A decline in populations of wild species threatens the functioning of the ecosystem, the WWF warns. “This in turn undermines the benefits that ecosystems provide to people – from food, clean water and carbon storage for a stable climate to the broader contributions that nature makes to our cultural, social and spiritual wellbeing.”
‘A planet in crisis’
The report warns that nature is fast approaching tipping points, beyond which Earth’s life-support systems will be irreversibly damaged. These include the mass die-off of coral reefs, the destruction of the Amazon rainforest, the melting of the Greenland and West Antarctic ice sheets, and the thawing of permafrost in the Arctic and Russia.
Humanity, the report states, has five years to change course towards a sustainable trajectory before “nature degradation and climate change place us on the downhill slope of runaway tipping points”.
“It is no exaggeration to say that what happens in the next five years will determine the future of life on Earth.”
“Climate change and nature loss are propelling our planet towards dangerous and potentially irreversible tipping points, and these tipping points are directly linked to species decline and ecosystem degradation,” wrote director general of WWF International Kirsten Schuijt on LinkedIn.
The report calls for more joined-up thinking in tackling the interlinked climate and biodiversity crises. “Tackling the goals in a joined-up way opens up many potential opportunities to simultaneously conserve and restore nature, mitigate and adapt to climate change, and improve human wellbeing.”
It recommends a radical change to our food systems for more sustainable and equitable resource use, a faster transition to renewable energies and the redirecting of finance away from harmful activities towards nature-based solutions.
The WWF report comes out just a couple of weeks before the latest United Nations meeting on biodiversity is due to take place.
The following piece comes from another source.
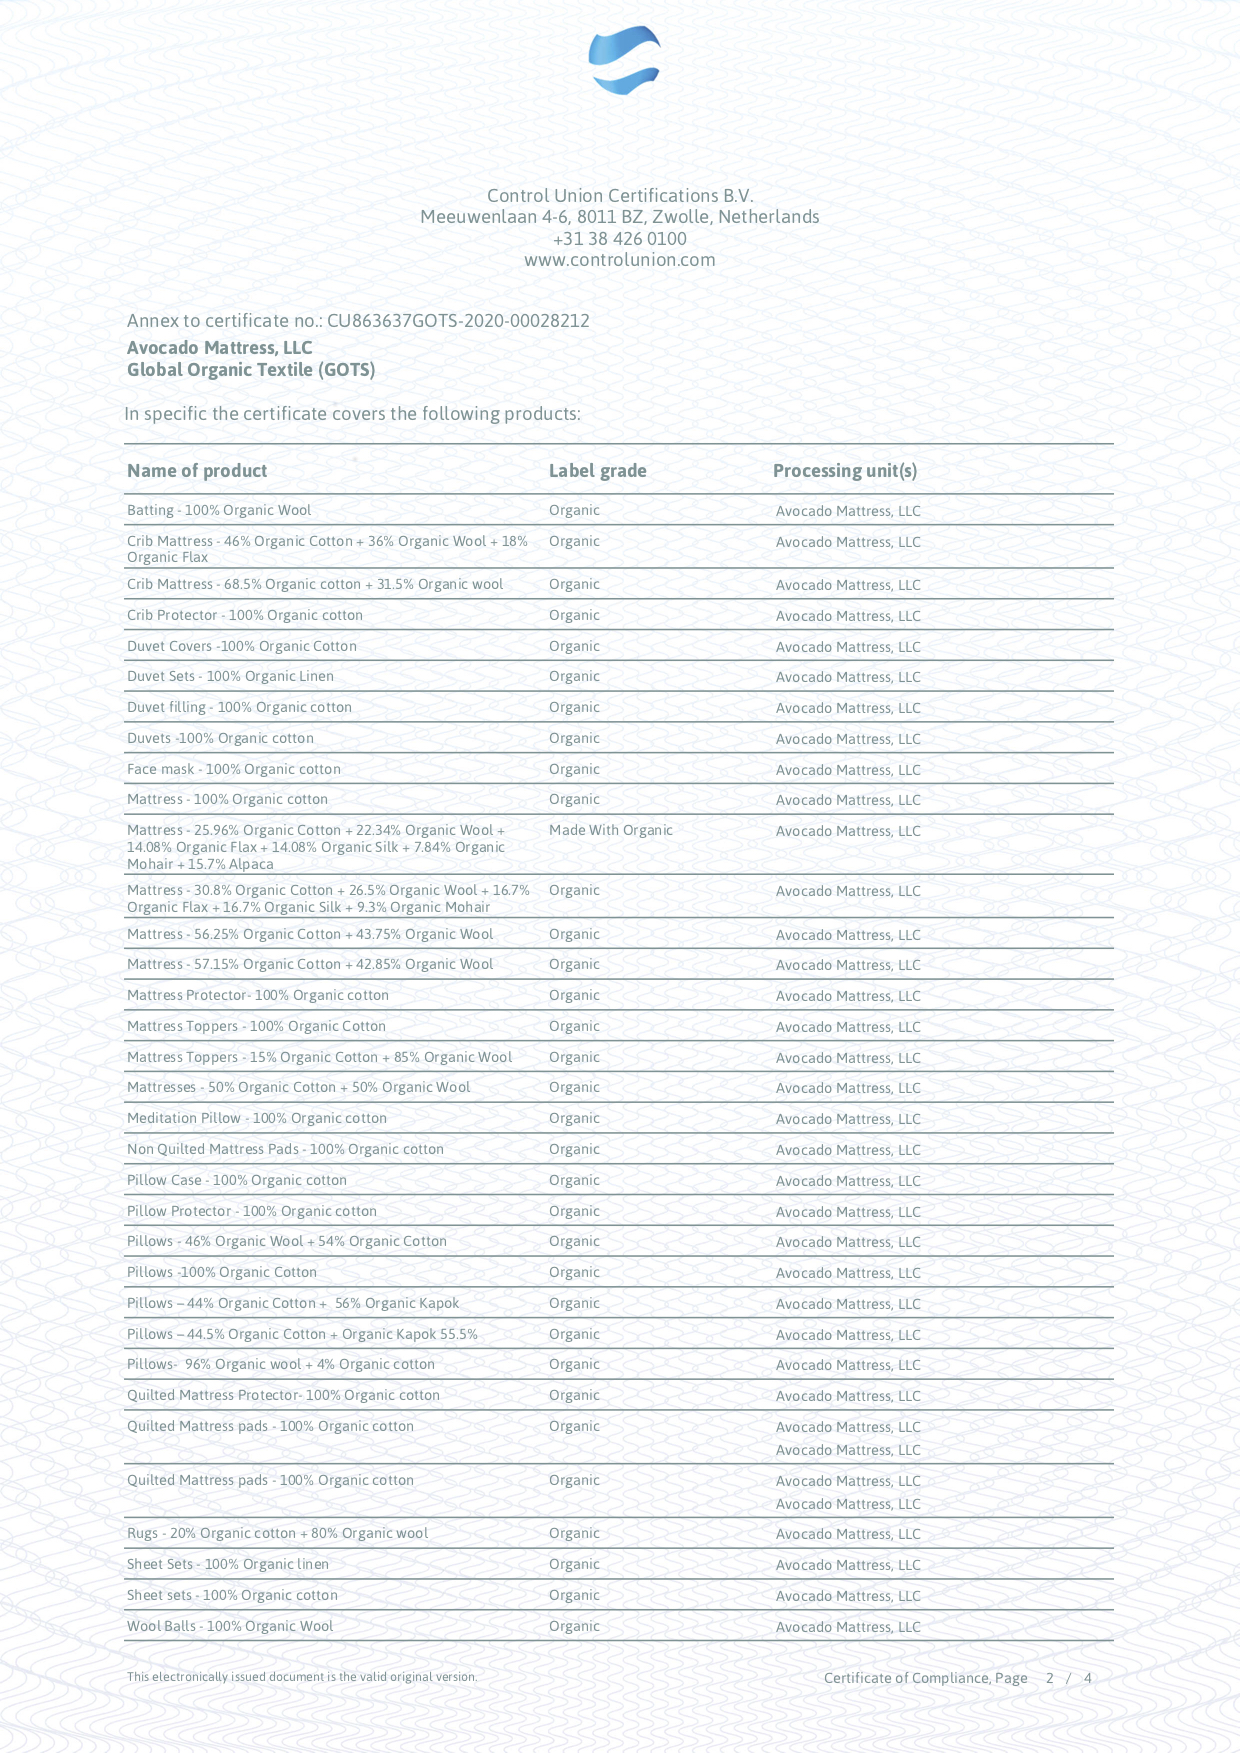 GOTS_Scope_Certificate_2020-07-11_05_29_15_UTC_page_2.jpg

At COP16, governments will review progress on the Kunming-Montreal Global Biodiversity Framework, which was made at COP15 in 2022. This landmark agreement, which was signed by 188 countries and regions, aims to address biodiversity loss, restore ecosystems and protect indigenous rights, with a plan to protect 30pc of the Earth’s land, coastal areas and oceans, and reduce to near zero the loss of areas of high biodiversity importance by 2030.
The WWF report highlights that, as it stands, national climate commitments will lead to an average global temperature increase of almost 3 degrees Celsius, “inevitably triggering multiple catastrophic tipping points”. And national biodiversity strategies are “inadequate and lack financial and institutional support”, it says.
“Our planet is under strain, and the current responses from political decision-makers are insufficient to halt and reverse nature loss by 2030,” said Schuijt.
“The facts should cause alarm for all who care about the state of our natural world, and as we look towards global milestones like COP16, we stand at a critical crossroads where urgent decisions will determine our planet’s future.”